First-level administrative division of the Ottoman Empire

The Vilayet of Beirut (ولايت بيروت; ولاية بيروت) was a first-level administrative division (vilayet) of the Ottoman Empire. It was established from the coastal areas of the Syria Vilayet in 1888 as a recognition of the new-found importance of its then-booming capital, Beirut, which had experienced remarkable growth in the previous years — by 1907, Beirut handled 11 percent of the Ottoman Empire's international trade. This expansion has been linked to wider regional processes of mobility and infrastructural development that helped integrate Beirut more closely into eastern Mediterranean economic and administrative networks.

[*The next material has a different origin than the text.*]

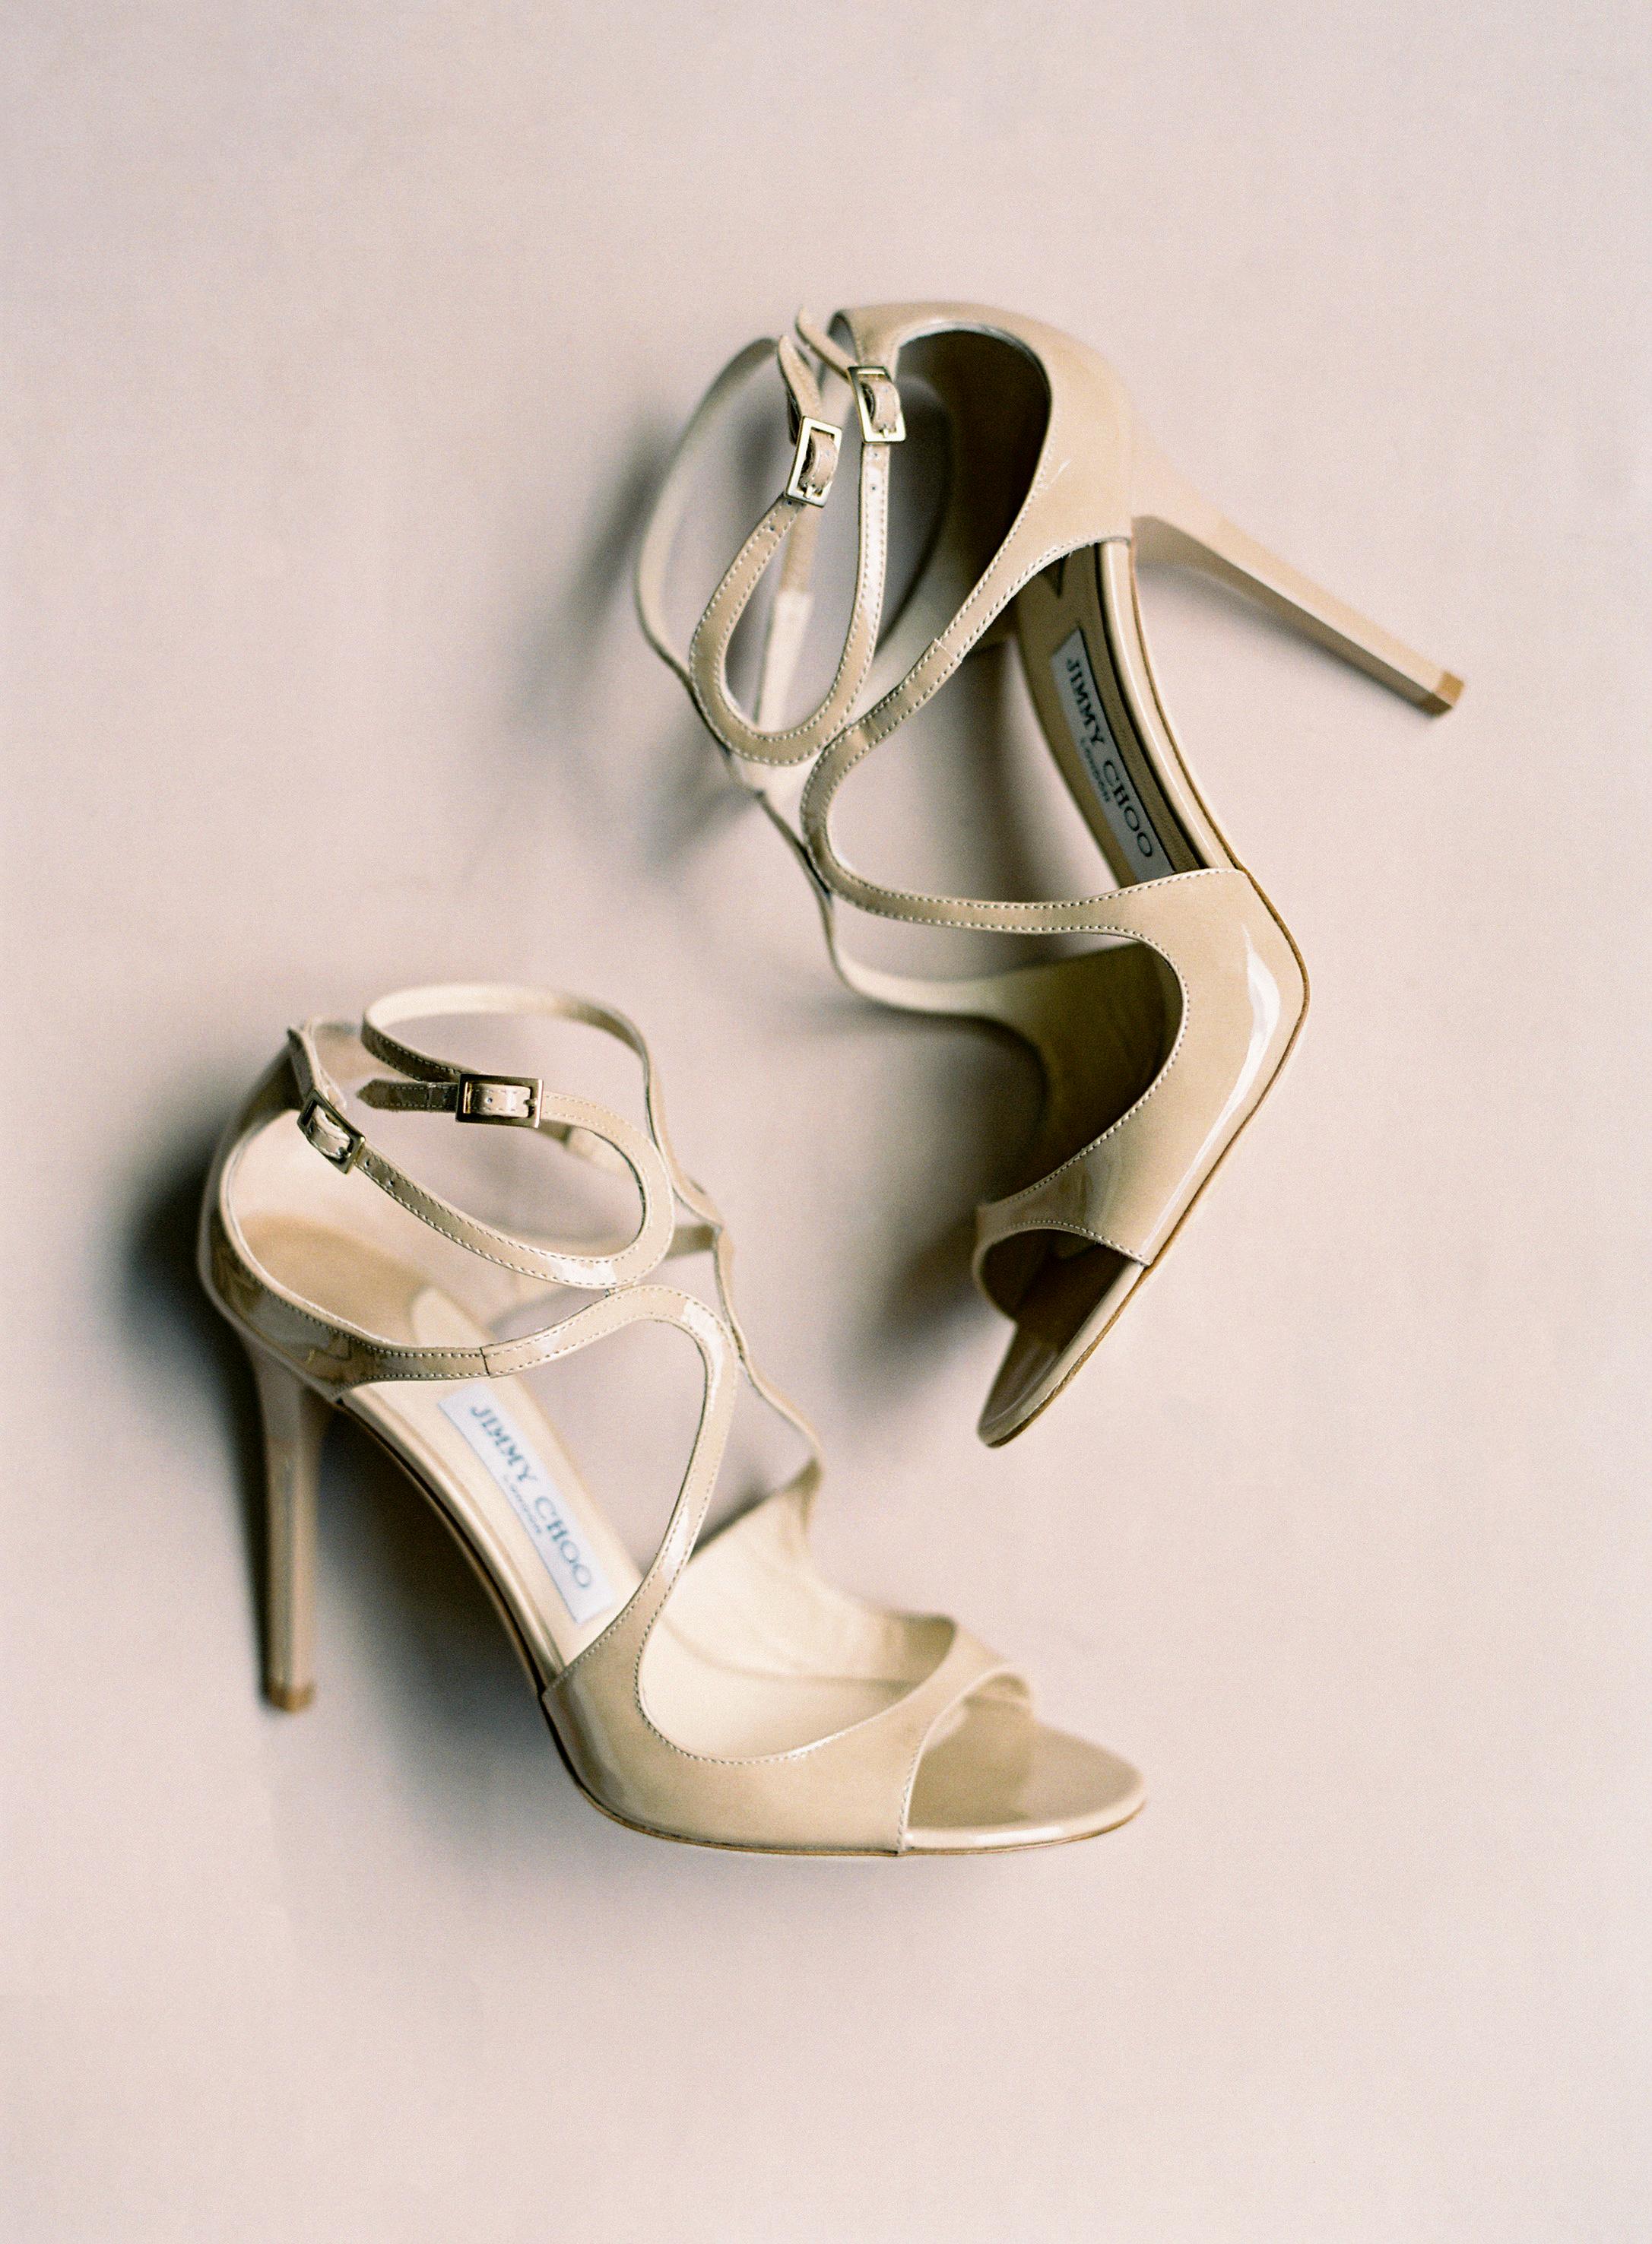 Jimmy Choo Bridal Boutique- Wedding Shoes
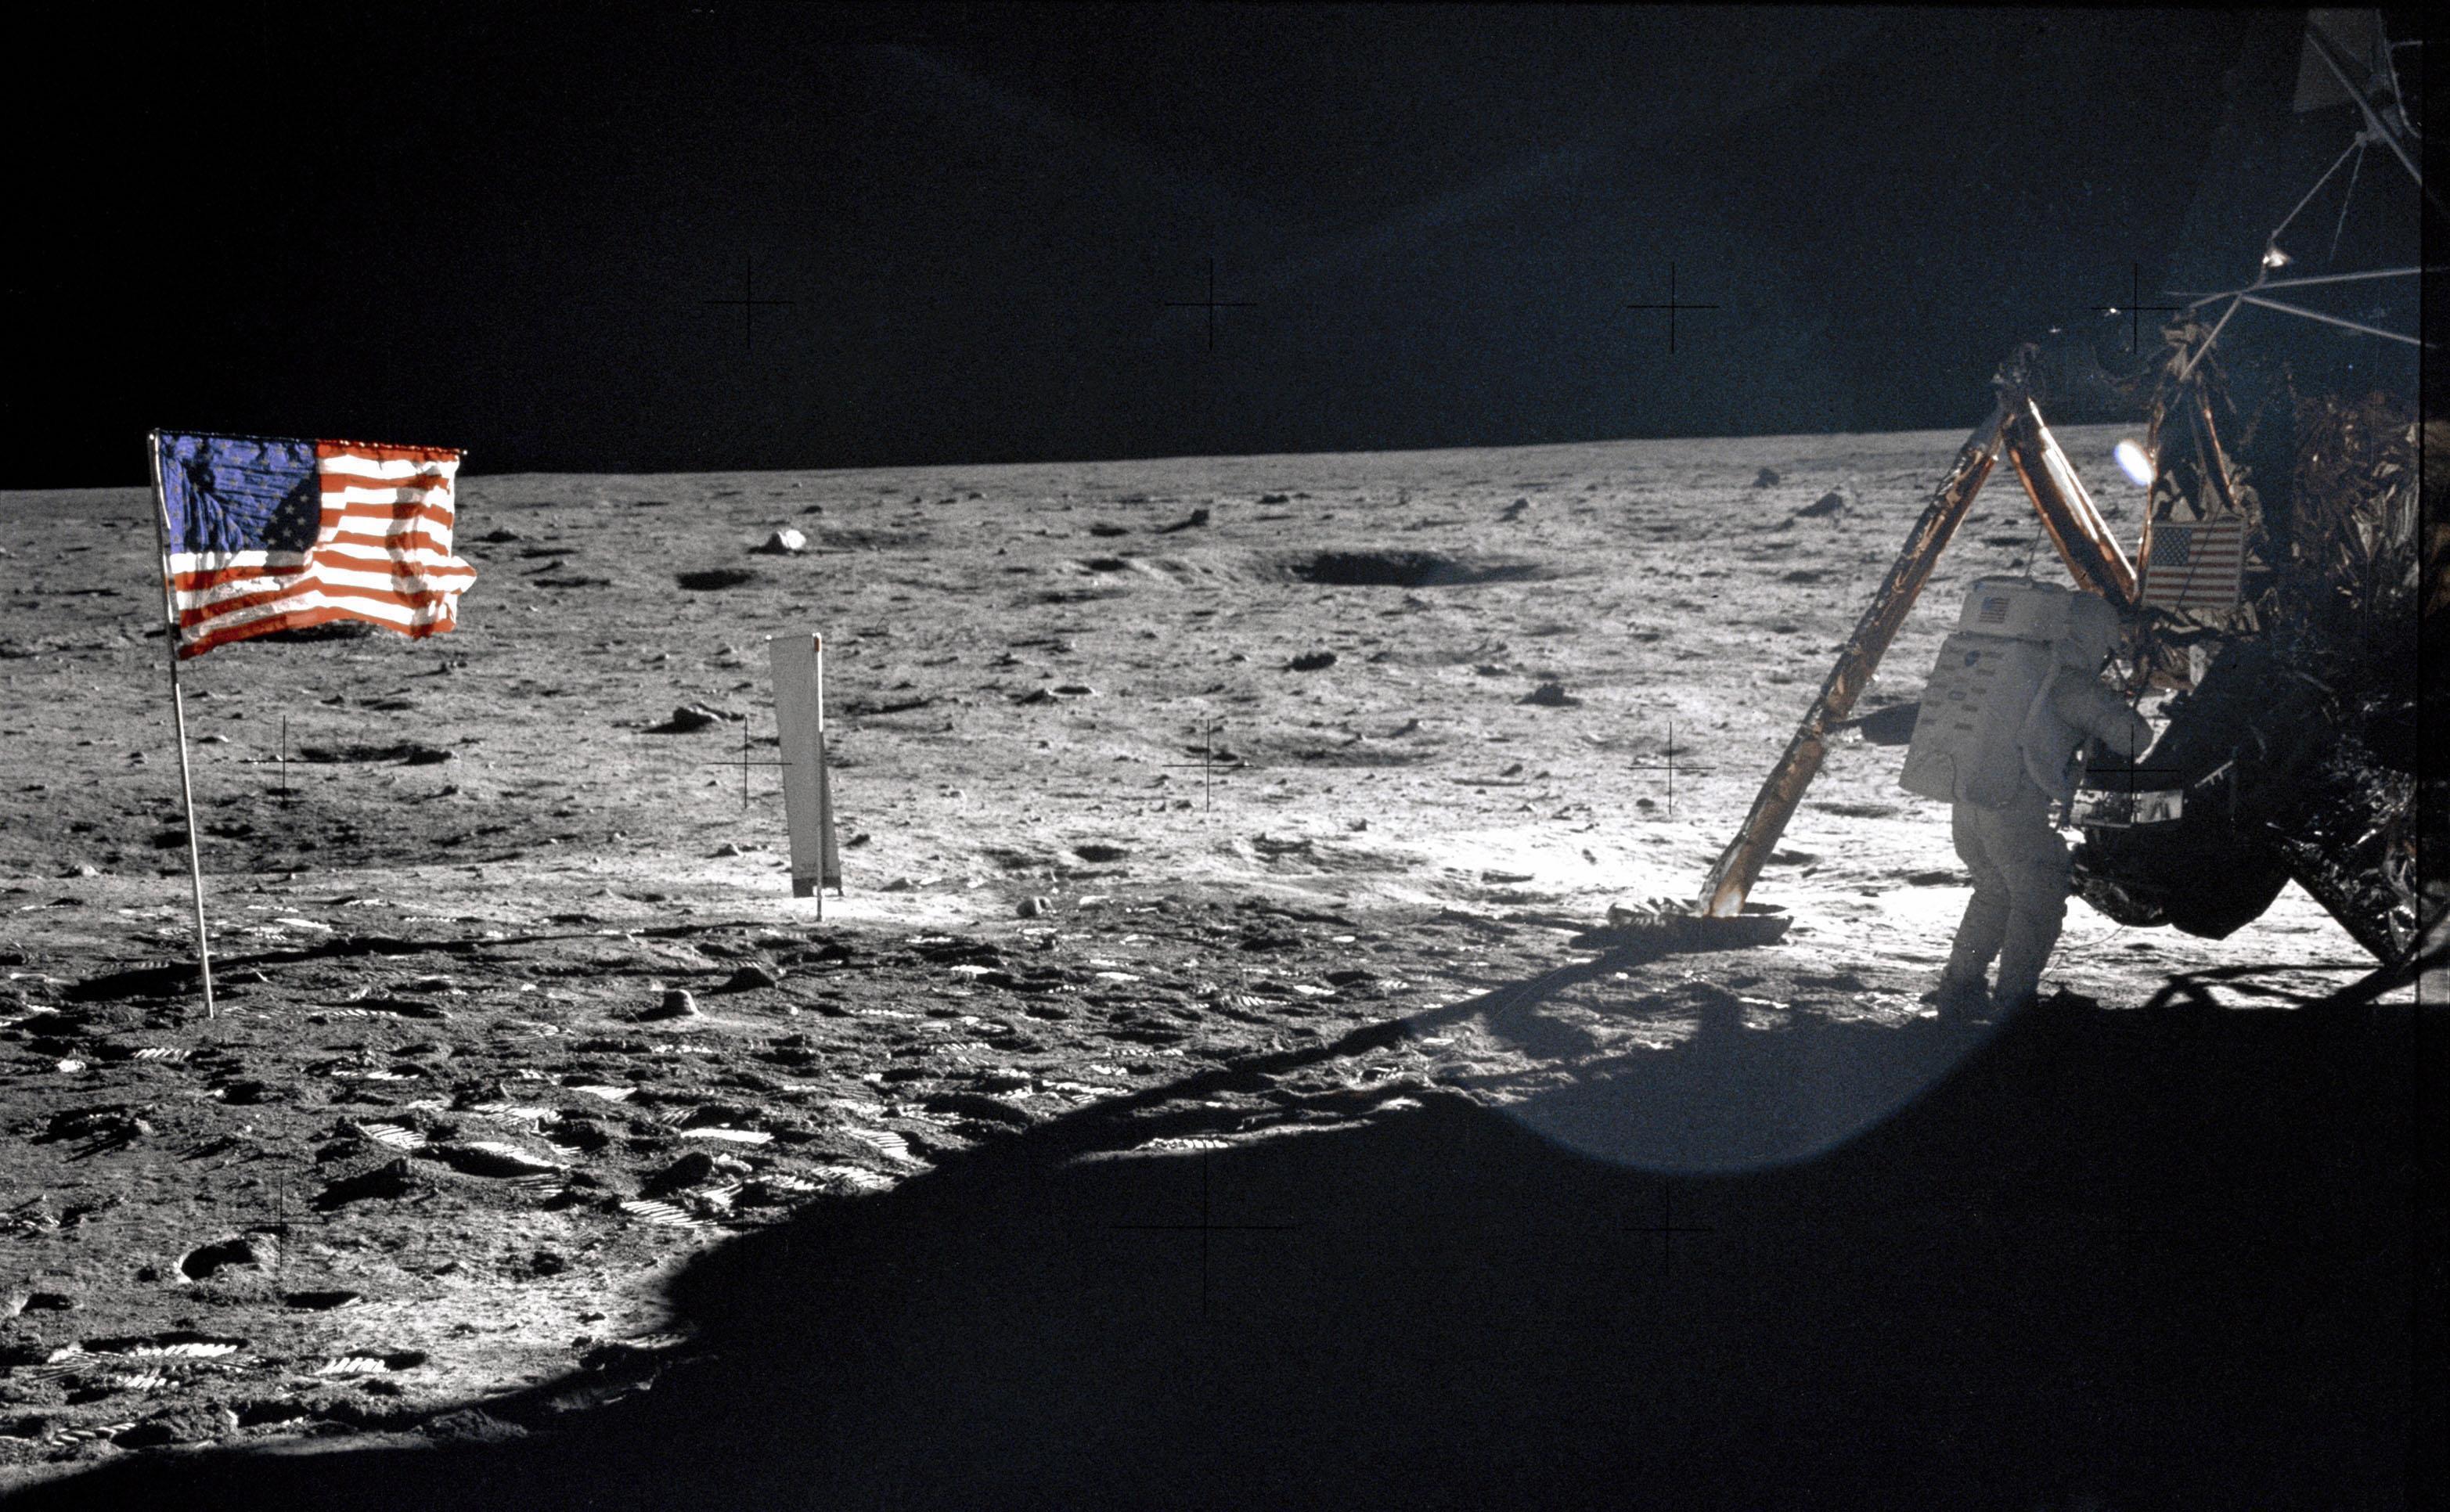 First landing on the moon, school girls lesbian porn pics

It stretched from just north of Jaffa to the port city of Latakia. It was bounded by the Syria Vilayet to the east, the Aleppo Vilayet to the north, the autonomous Mutasarrifate of Jerusalem to the south and the Mediterranean Sea to the west.

At the beginning of the 20th century, it reportedly had an area of 11773 sqmi, while the preliminary results of the first Ottoman census of 1885 (published in 1908) gave the population as 533,500. It was the 4th most heavily populated region of the Ottoman Empire's 36 provinces.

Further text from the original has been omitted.